**TASK ITEM:**
From the line that includes "Spring Black Cargo" to the last line of the records that follow, copy every line exactly and nothing more, omitting pictures.

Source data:
○ ○ ○ ○

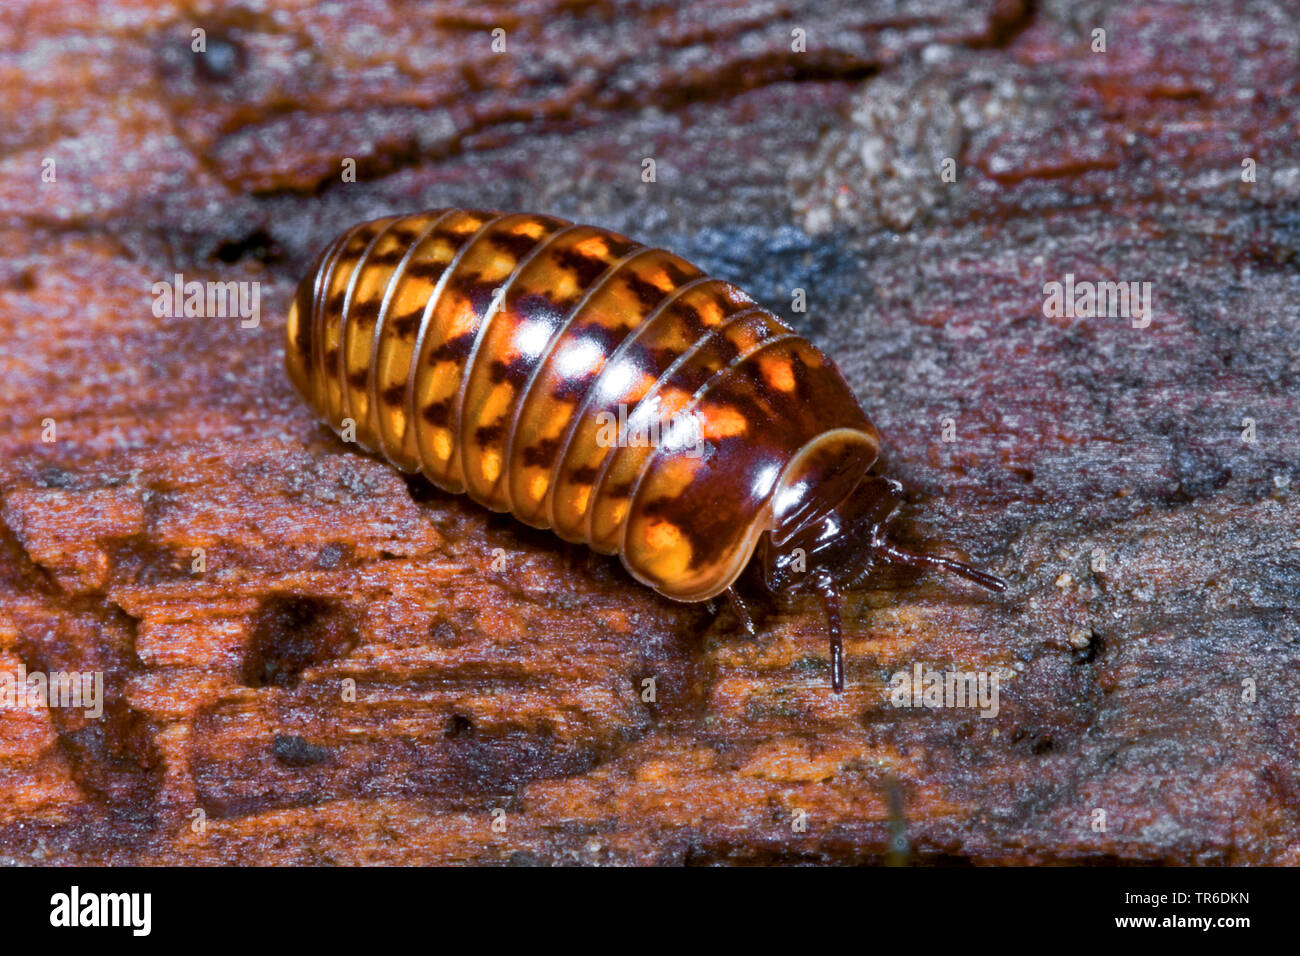 pill millipede (Glomeris hexasticha), on wood, Germany Stock Photo
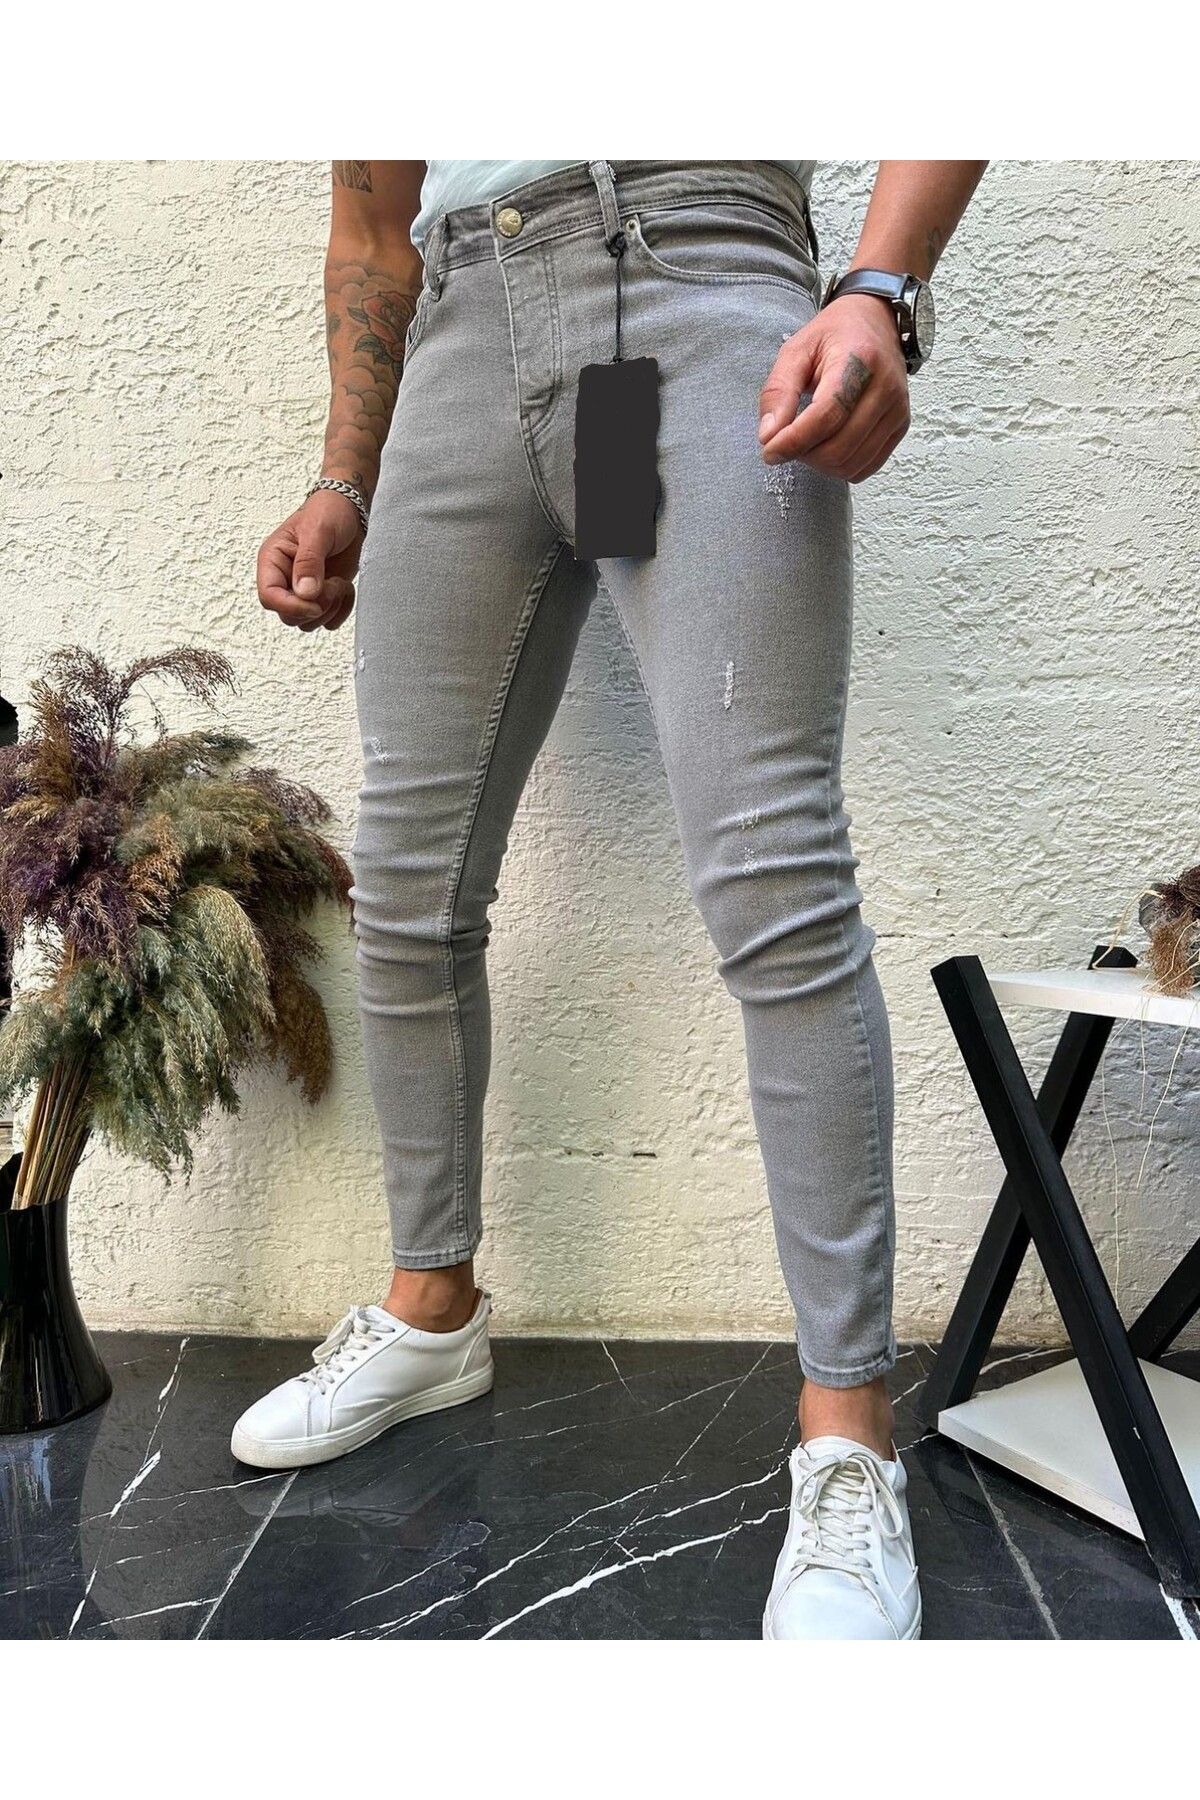 Spring Black Cargo Pants Mens Skinny Stretch Denim Distressed Ripped Freyed  Slim Fit Jeans Trousers - Walmart.com
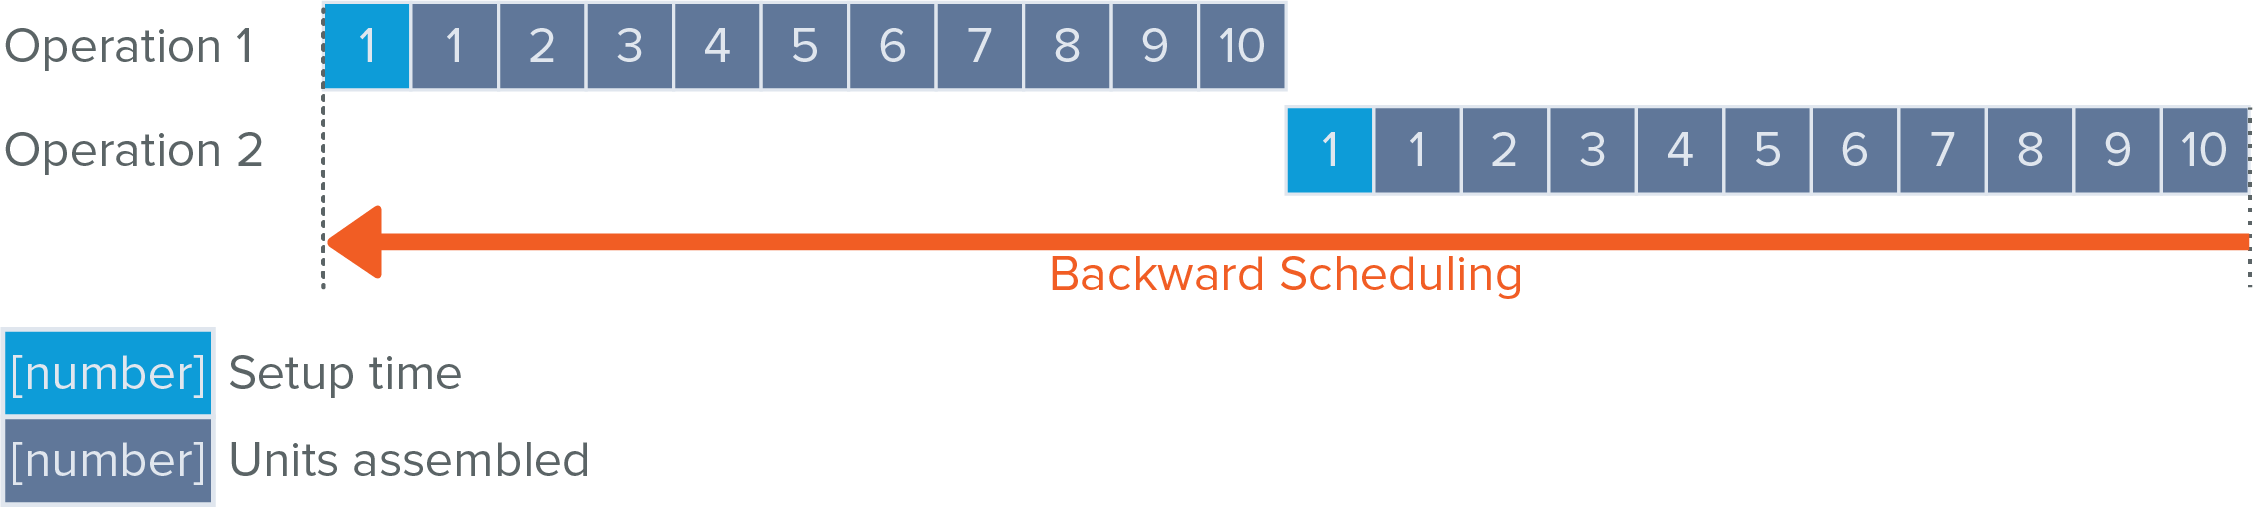 Diagram of backward scheduling workflow.
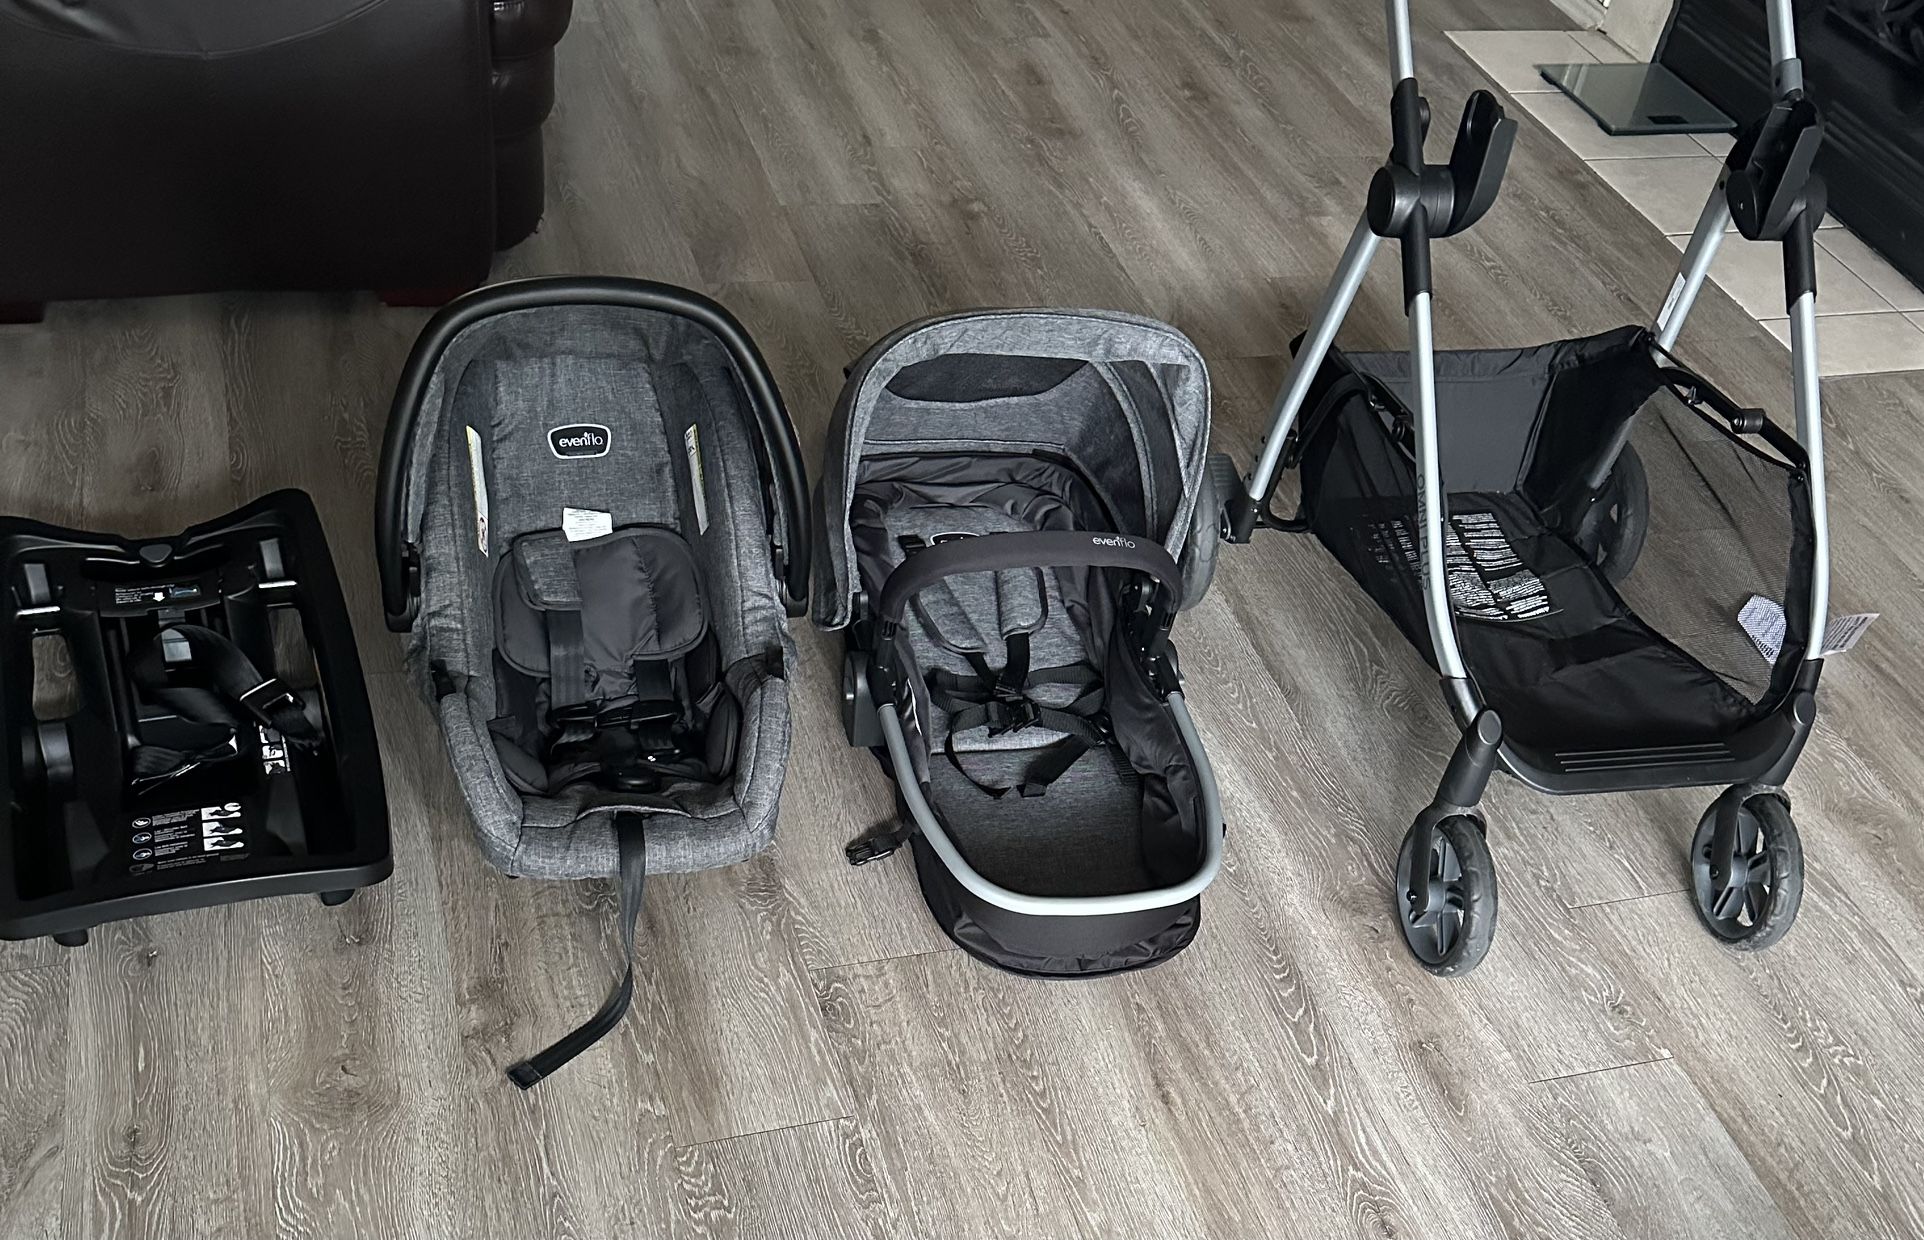 Even Flo Baby Stroller Including Car seat -$150
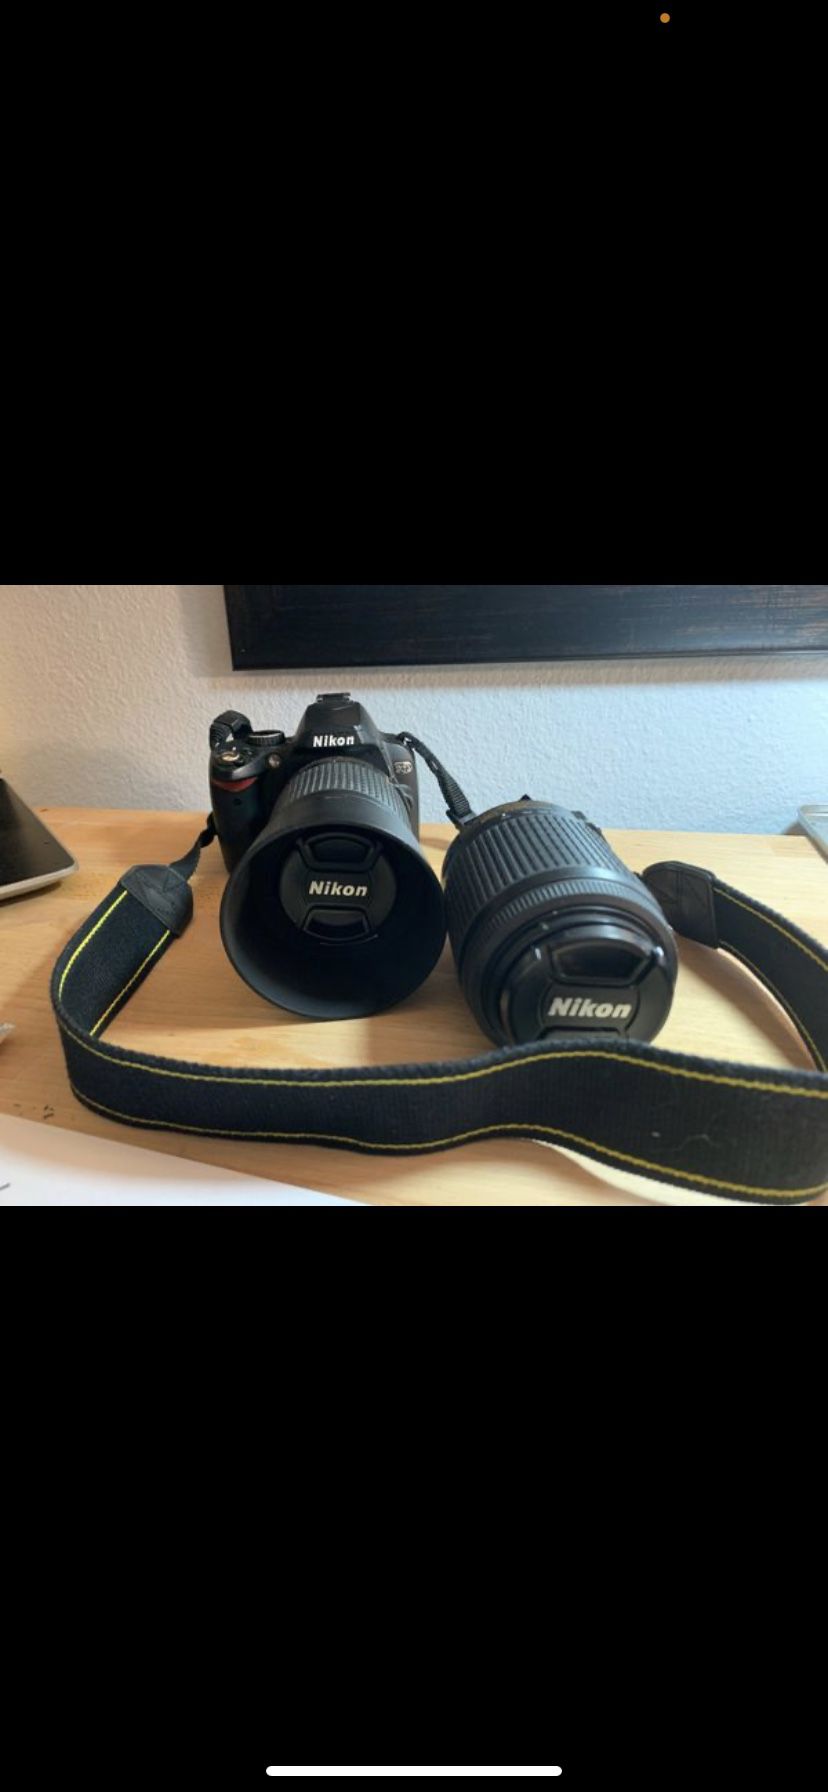 Nikon digital camera D60

○ ○ ○ ○

**OUTPUT OF THE EXERCISE:**
 Spring Black Cargo Pants Mens Skinny Stretch Denim Distressed Ripped Freyed  Slim Fit Jeans Trousers - Walmart.com
 Diagram of backward scheduling workflow.
 Even Flo Baby Stroller Including Car seat -$150
 Nikon digital camera D60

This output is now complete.